So our setup is finally complete: We do have an EC2 instance in our private network that is not accessible from the outside world but itself is able to access the outside world through the NAT gateway.

To test this we somehow need to access our EC2 instance and execute some command to see that the connectivity actually works.

However we can only access the instance from inside our VPN so let’s also provision a jumphost that is sitting inside the public subnet of our VPC and therefore can be accessed from the internet:

resource "aws_instance" "ec2jumphost" {
  instance_type = "t2.micro"
  ami = "ami-03d8059563982d7b0" # https://cloud-images.ubuntu.com/locator/ec2/ (Ubuntu)
  subnet_id = aws_subnet.nat_gateway.id
  security_groups = [aws_security_group.securitygroup.id]
  key_name = aws_key_pair.ssh.key_name
  disable_api_termination = false
  ebs_optimized = false
  root_block_device {
    volume_size = "10"
  }
  tags = {
    "Name" = "DummyMachineJumphost"
  }
}

resource "aws_eip" "jumphost" {
  instance = aws_instance.ec2jumphost.id
  vpc = true
}

output "jumphost_ip" {
  value = aws_eip.jumphost.public_ip
}

We want to make the jumphost available on a fixed IP as well so we provision another aws_eip specifically for this usage. We also reuse the SSH key that we have created for the actual instance.

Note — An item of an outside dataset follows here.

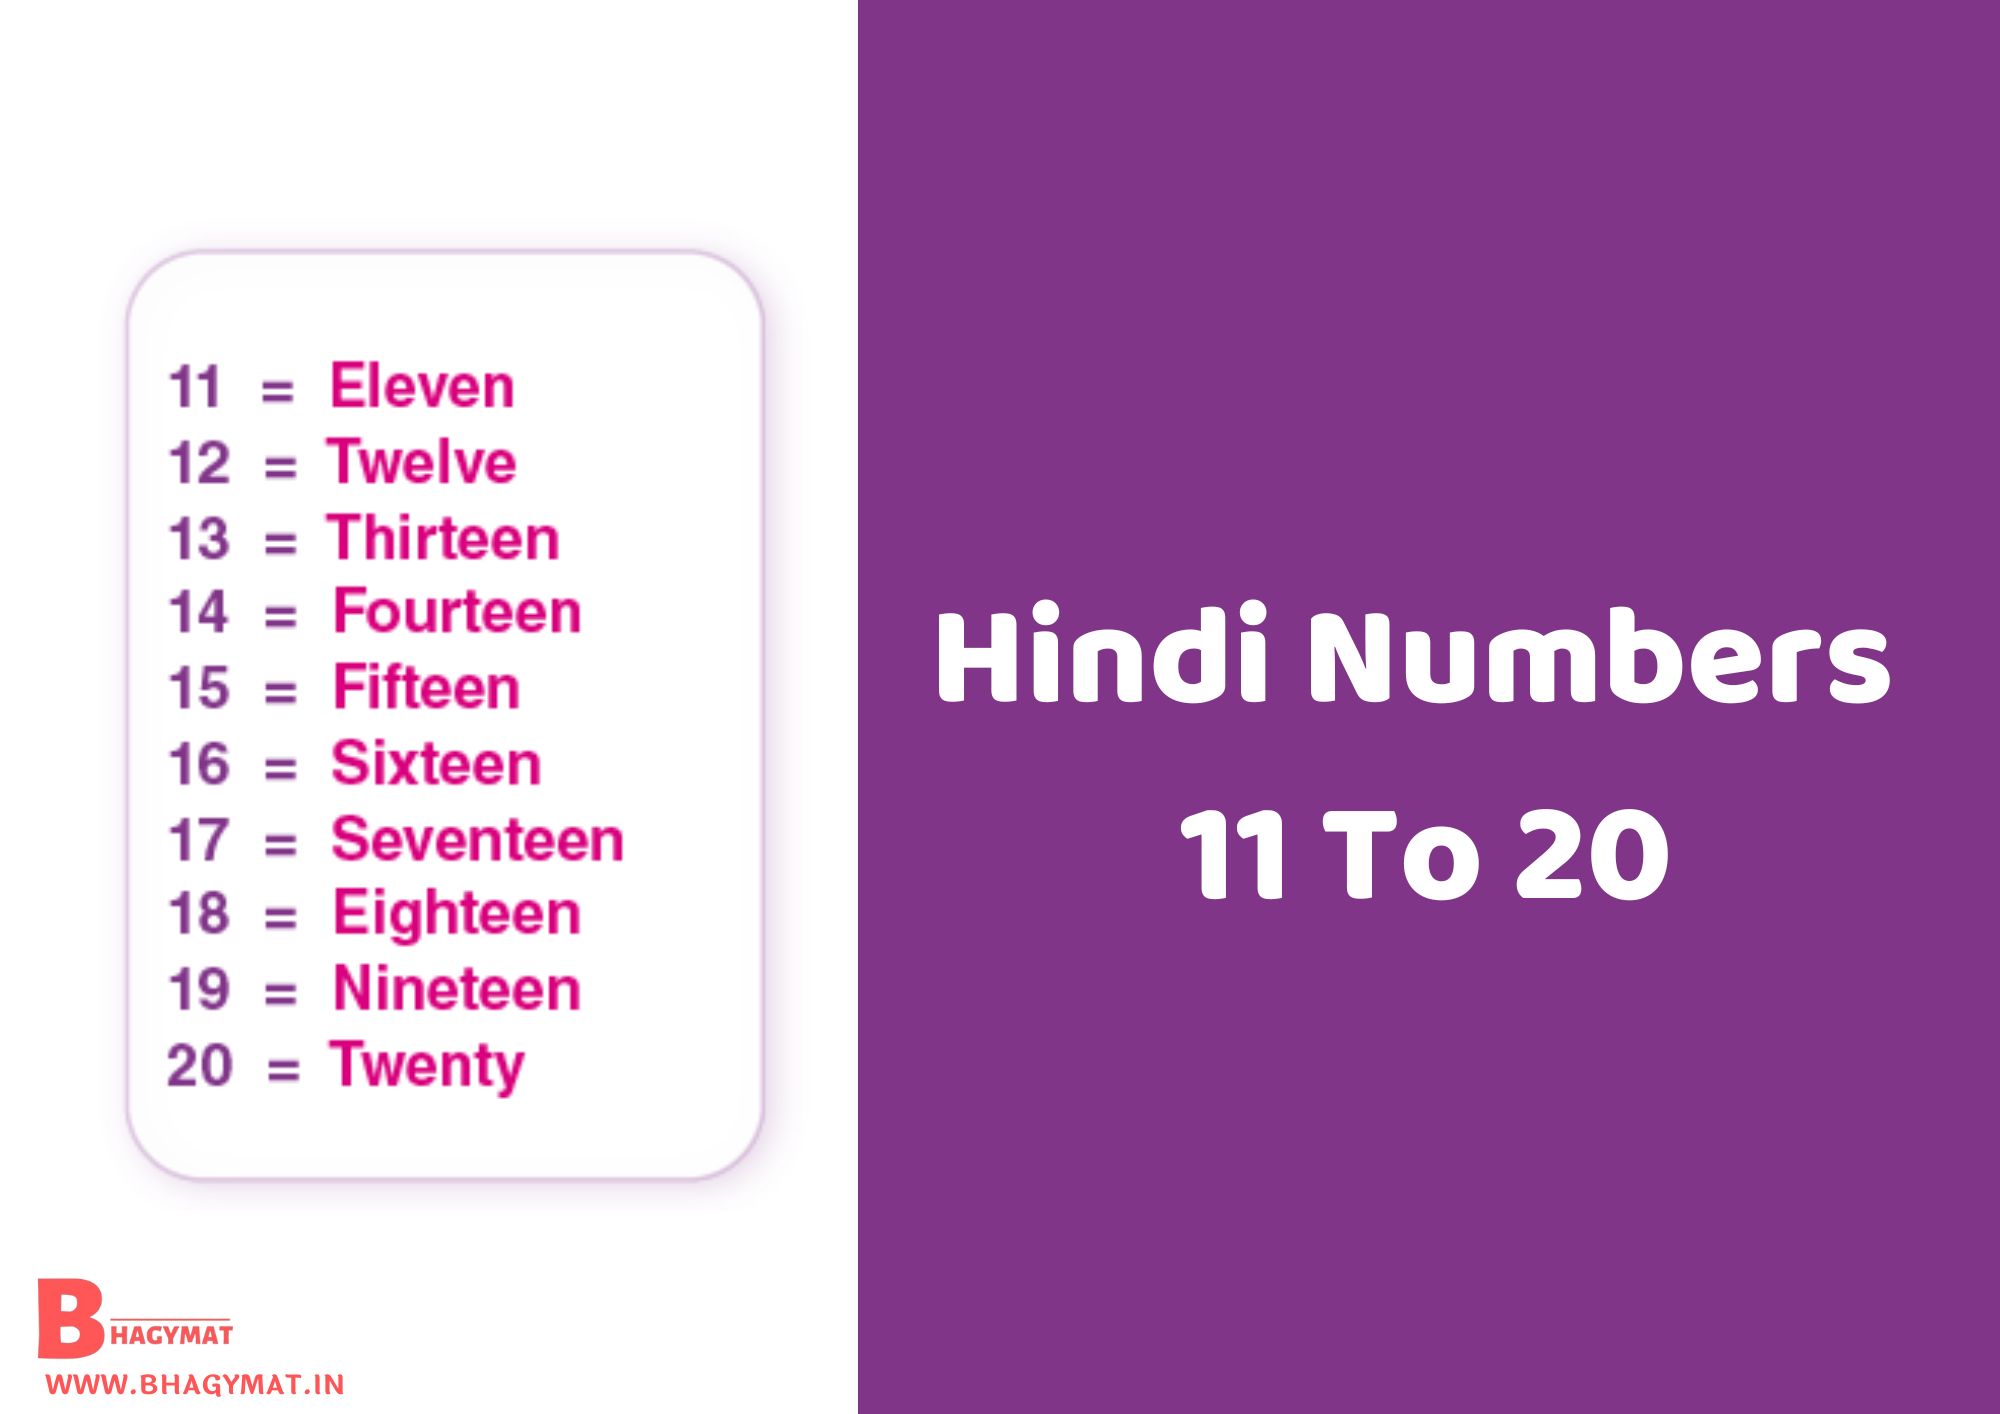 Hindi Numbers 11 To 20 | 11 To 20 Numbers In Hindi And English

Once our jumphost is up and running we can connect to it.

First we need to extract the private key that we have generated and store it locally so that SSH is able to use it to establish a connection:

$ terraform output ssh_private_key_pem > ~/Downloads/key.txt
$ chmod 700 ~/Downloads/key.txt

We can get the IP address that has been assigned by AWS by calling:

$ terraform output jumphost_ip

In our example the IP that was assigned by AWS is 3.126.115.136.

Now let’s connect:

$ ssh -i ~/Downloads/key.txt ubuntu@3.126.115.136

The connection succeeds and we are logged in to our jumphost:

ubuntu@ip-10-0-2-176:~$

We can see that the internal IP of our jumphost is 10.0.2.176 which is to be expected as we have placed it into the public subnet (10.0.2.0/24)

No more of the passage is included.